The central bank believes inflation will average at 3.5% this year, down from 5.1% last year but still well above its 2% target. Furthermore, it is predicting that South Korea’s economy will grow by 1.4% in 2023, following an upturn of 2.6% in 2022.
On the financial markets, Hong Kong’s Hang Seng index fell by 3.91% to end October at 17,112. Meanwhile, Japan’s Nikkei index slumped by 3.14% to 30,858. China’s Shanghai Composite index fell by 2.95% to 3,018 and the Korea Composite Stock Price Index went down by 7.59% to 2,277.
Emerging Markets
India’s status as one of the world’s leading emerging markets was reinforced recently by the International Monetary Fund (IMF), which predicted that India and China will jointly account for about half of all global growth in 2023 and 2024.
The IMF expects to see growth of 6.3% in 2024, thanks to strong domestic demand and a steady inflow of investment. This is higher than the 5% growth it is predicting in China. For the Asia Pacific region a whole, the IMF is forecasting growth of 4.6% in 2023, up from 3.9% in 2022. This will then slow to 4.2% in 2024.
In sanction-hit Russia, the government confirmed it would force many exporters to convert their foreign revenues into roubles, in order to help prop up the struggling currency as its invasion of Ukraine continues. Russia’s financial regulator will monitor and enforce the capital controls on 43 companies in industries such as metal and energy.
Andrei Belousov, First Deputy Prime Minister of Russia, commented: “The main purpose of these measures is to create long-term conditions for increasing the transparency and predictability of the currency market, [and] to reduce the opportunity for currency speculation.”

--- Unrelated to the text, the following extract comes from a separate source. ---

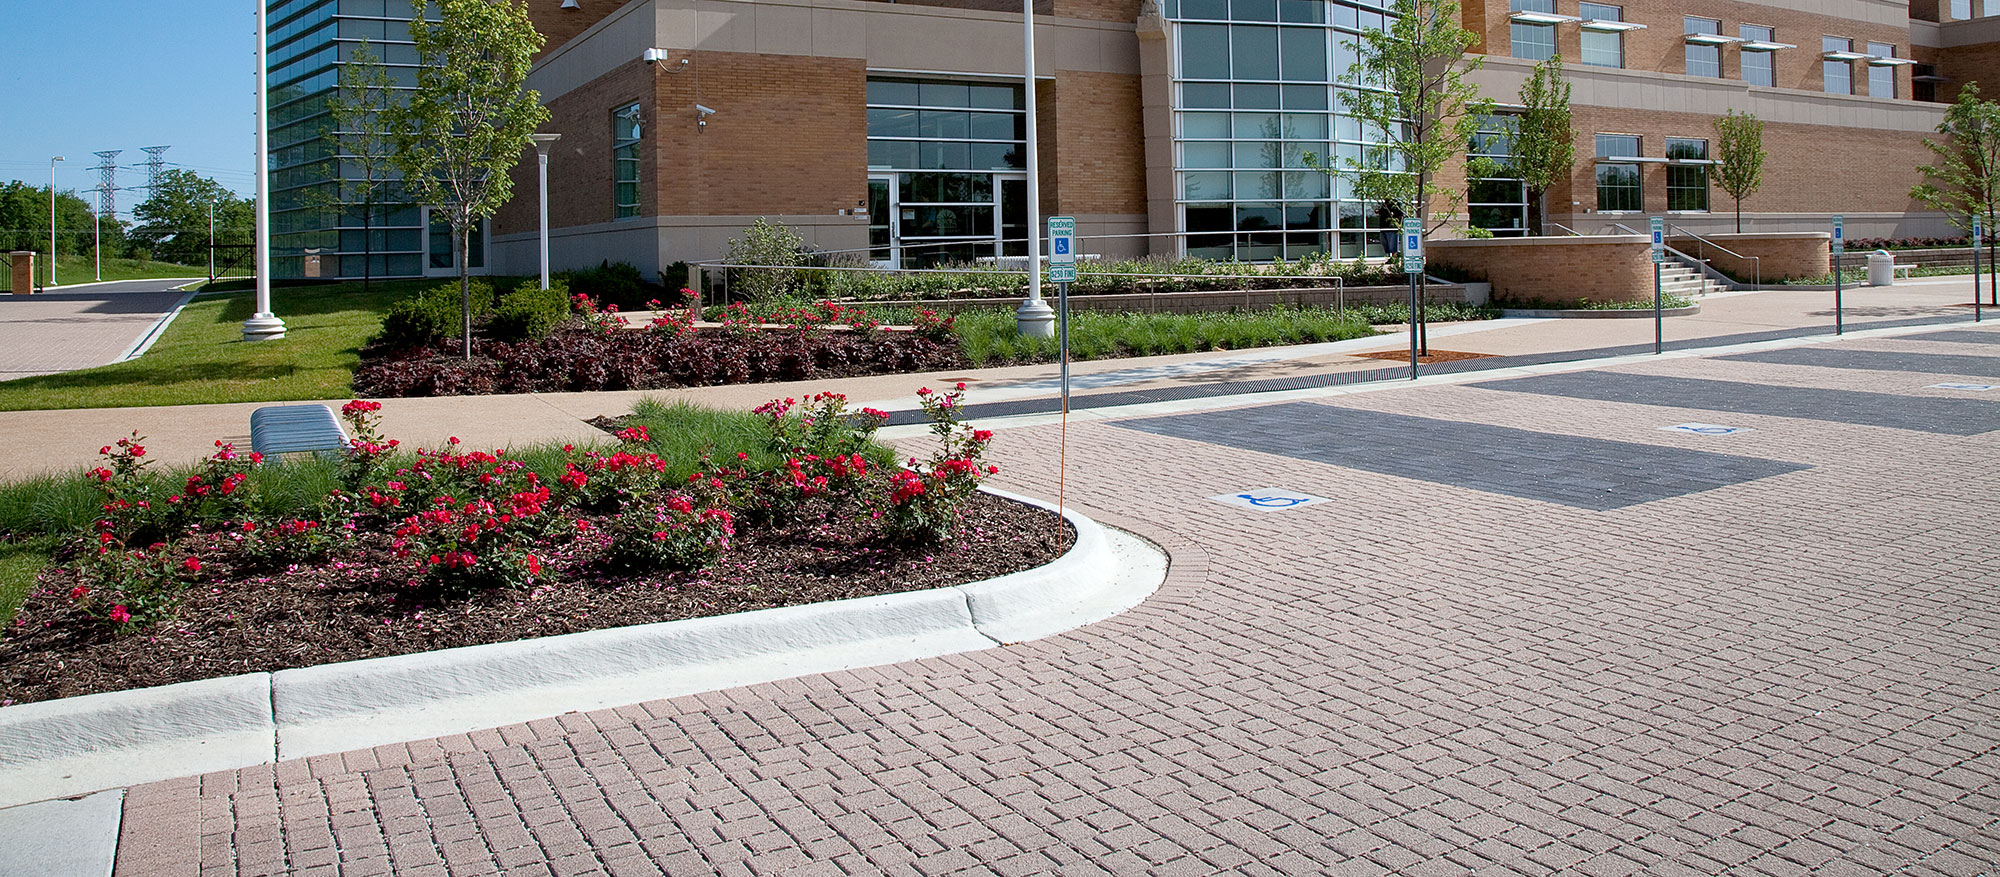 The landscaped parking lot in front of the Aurora police station is paved with Eco-Optiloc in contrasting colors to delineate parking spots.
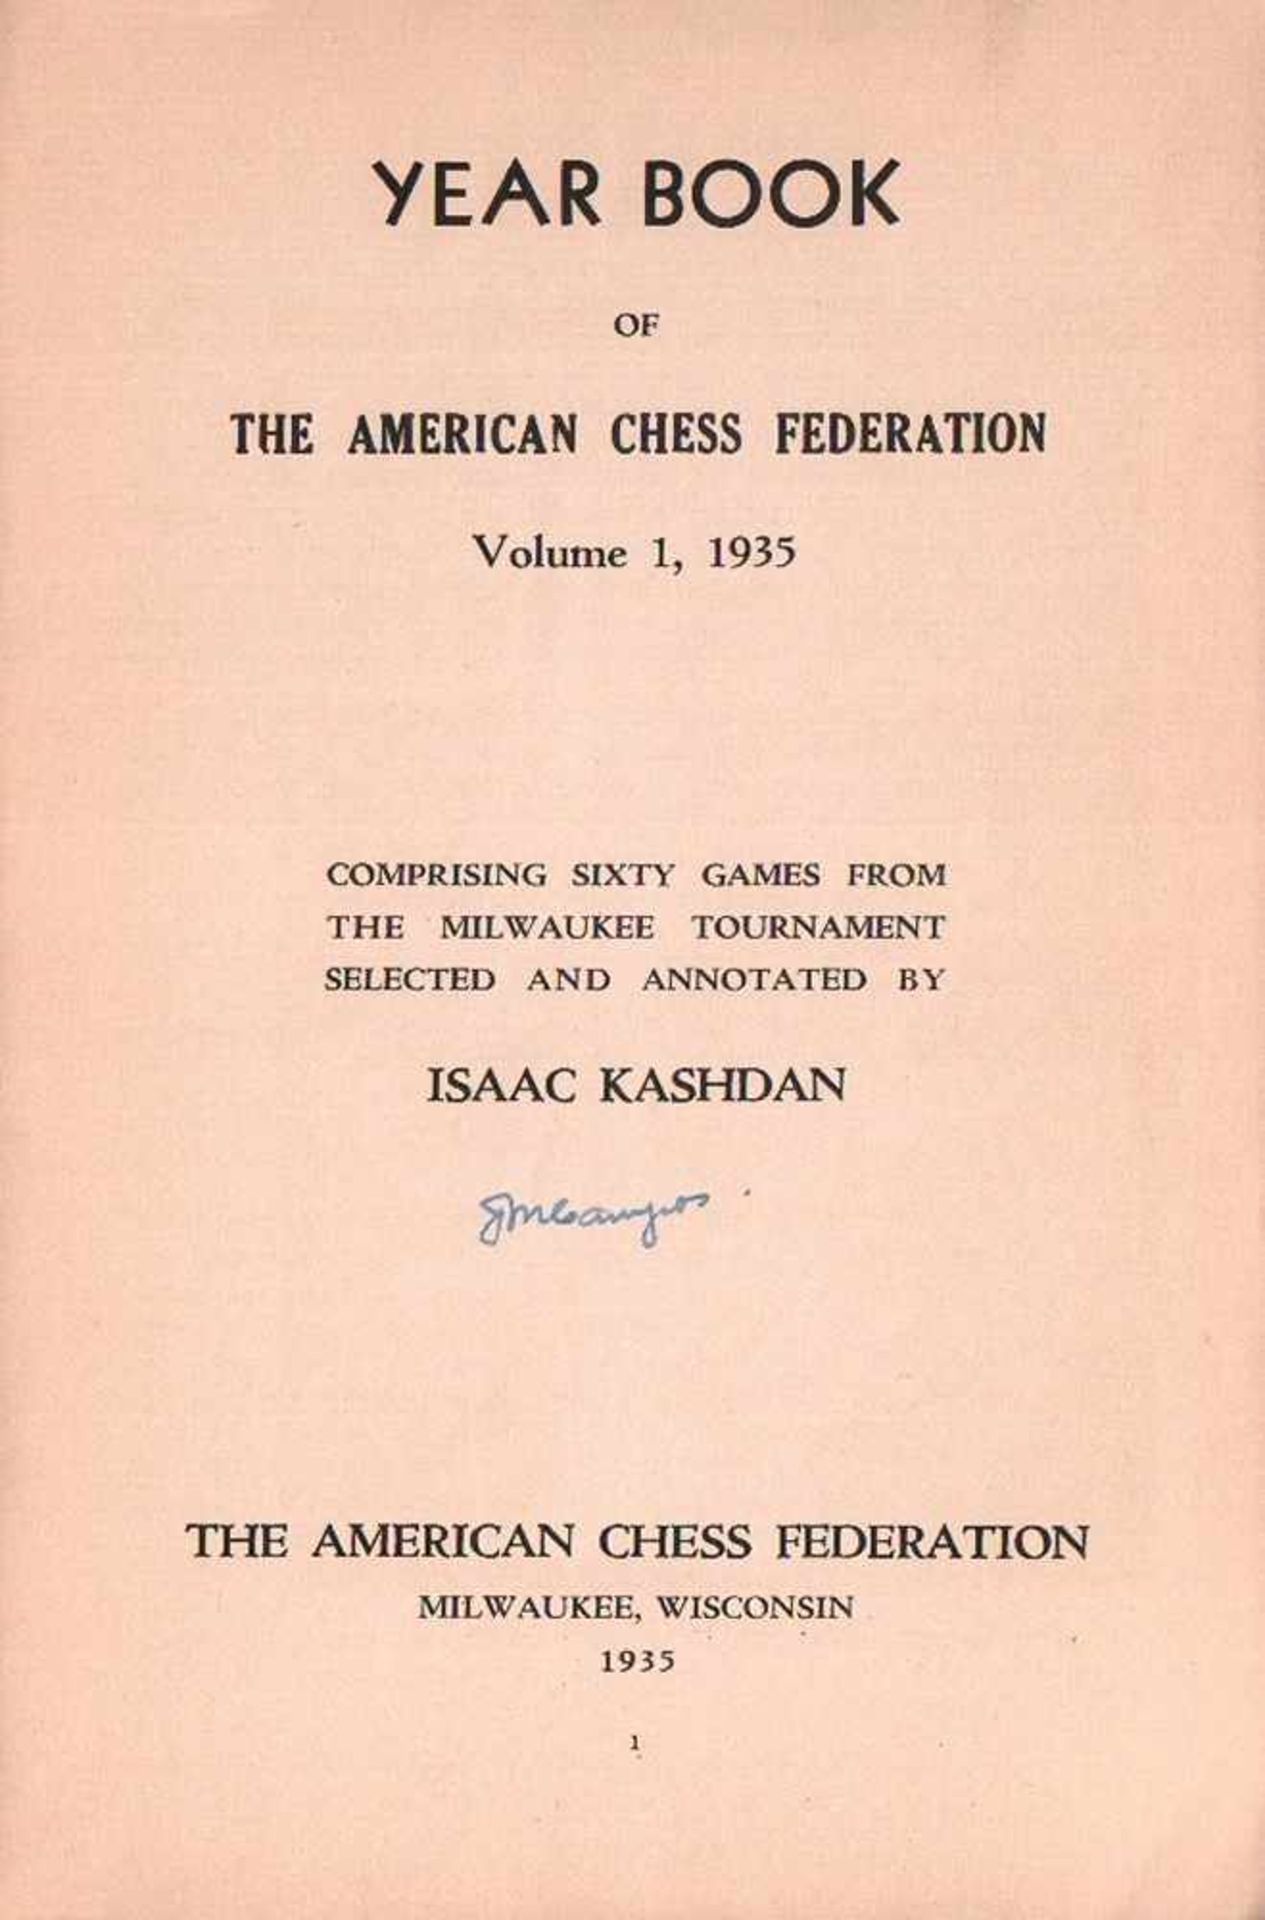 Milwaukee 1935.Year book of the American Chess Federation, Volume 1, 1935. Comprising sixty games

Meanwhile, President Vladimir Putin has confirmed Russia will continue increasing the production of military equipment “not by some per cent, but by several times”. This suggests that the prospect of Russia standing down and ending the war in Ukraine is remote and the country is preparing to continue with its invasion for some time.
In Brazil, economic growth has remained robust, with a survey of investors by the Central Bank showing their median GDP growth projection has risen from 2.56% to 2.92%.
This strong performance was reflected in the labour market in particular, as employers added nearly 221,000 jobs in August. This was well above the expectations of many economists, who had expected an upturn of between 180,000 and 200,000.
On the financial markets, India’s BSE Sensex index fell by 2.97% to end at 63,874 points. Russia’s MOEX index rose by 2.16% to close at 3,200 points, while Brazil’s Bovespa index ended the month down 2.94% at 113,143 points.
And Finally…
When you hear the words “on the run”, we’re betting that a tortoise doesn’t spring immediately to mind. But a runaway tortoise that went missing in 2020 has amazingly been found.
The tortoise was seen happily crossing a major road in Florida and was taken to a local animal refuge, which launched an appeal to find the owner.
Thankfully, a person came forward and they revealed that it had been missing for more than three years. We hope to find out what measures they put in place to prevent the pet from, er, running off again.